Newark businessman-turned-movie director, inspired by his battle with depression, makes film about mental illness

Sandy Kenyon Image
Thursday, January 3, 2019
Newark businessman-turned-movie director, inspired by his battle with depression, makes film about mental illness
Sandy Kenyon reports on the NJ entrepreneur who overcame depression to make the film "Beyond The Silence."

NEWARK, Essex County (WABC) -- A Newark businessman says he never set out to be a filmmaker, and didn't even study film in college, but his successful battle against depression inspired him to make a movie and raise awareness about the issues facing the mentally ill.

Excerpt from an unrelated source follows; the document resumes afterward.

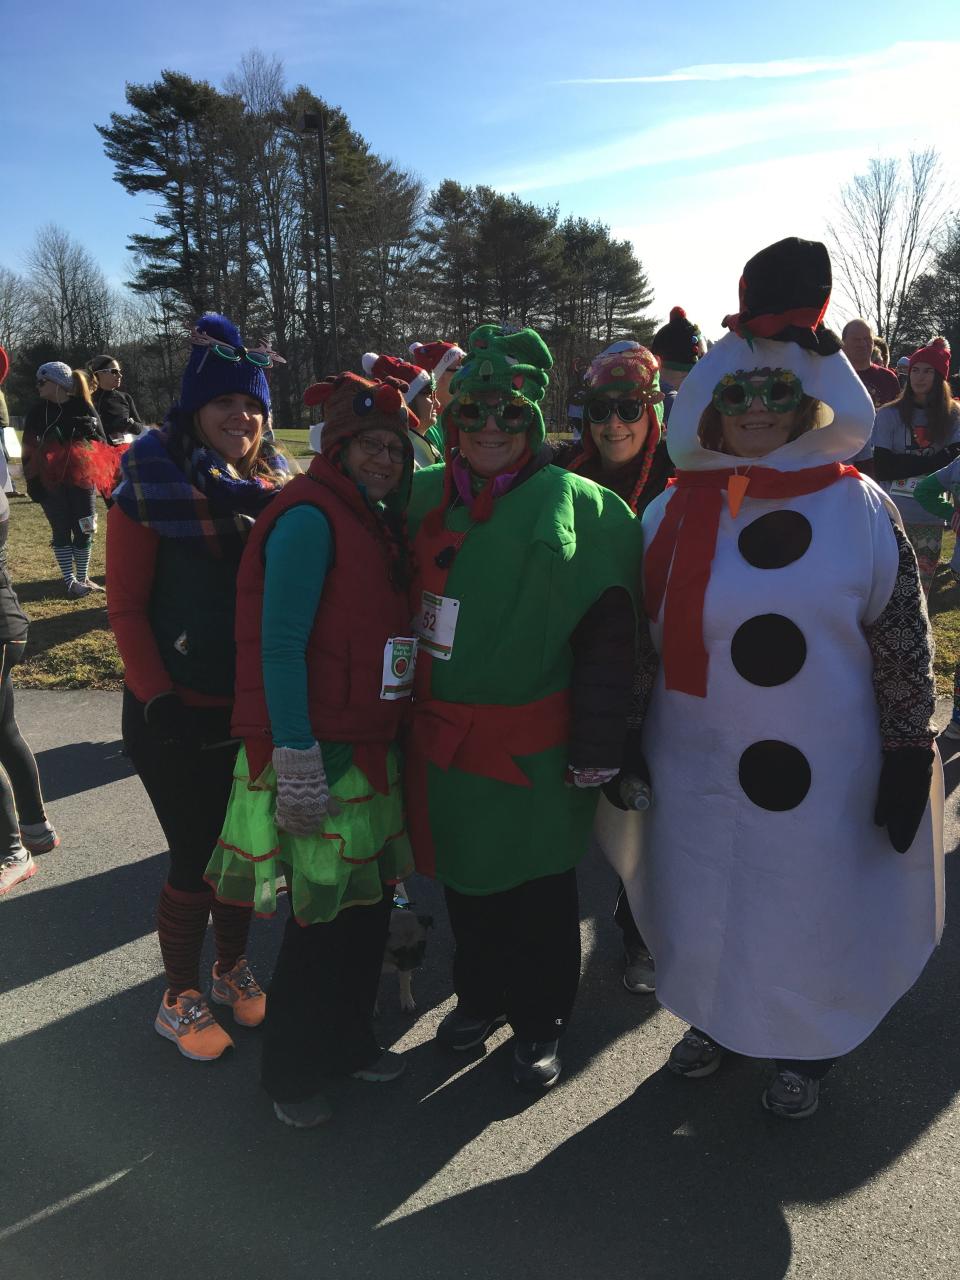 Here's a group gathered for a past Jingle Bell Run hosted by the Arthritis Foundation.

William Michael "Mike" Barbee is now the picture of confidence and a beacon of hope for his community, but it wasn't always this way. In fact, this self-made entrepreneur suffered obstacles in his younger years that would have crushed another person.

Barbee is a successful businessman-turned-movie director who came to Newark's University High School to show his movie "Beyond The Silence."

"You can make it no matter which obstacles, no matter what your challenges are," he said.

Barbee's path was filled with challenges.

"I remember in 1980 our house was set on fire," he said. "Watching two of our loved ones perish in the fire, going to school homeless and just watching over the years the mental toll that had on me."

He suffered from crippling depression and tried to commit suicide at the age of 20.

"What you see here is the finished product of a lot of turmoil, a lot of counseling," Barbee said.

His movie about a guy on trial for a crime he doesn't remember is inspired by Barbee's own life.

"What I had to do was put my truths inside of a fictitious character," he said.

It's a plea for us to go beyond the silence - the stigma - and understand the mentally ill.

Moving "Beyond The Silence" proved moving enough to secure an invitation to show the film in May at the Cannes Film Festival in the South of France.

Barbee called it an honor because less than 1 percent of filmmakers ever get the opportunity to go to Cannes, and he is determined to make the most of his opportunity.

"The Cannes audience can take away that mental illness is real," he said. "Recovery is possible, with help."

Barbee looked to hire some of those who live with persistent mental illness to help him make his movie, while enlisting the talents of Hollywood veterans like Bill Duke to give this project credibility.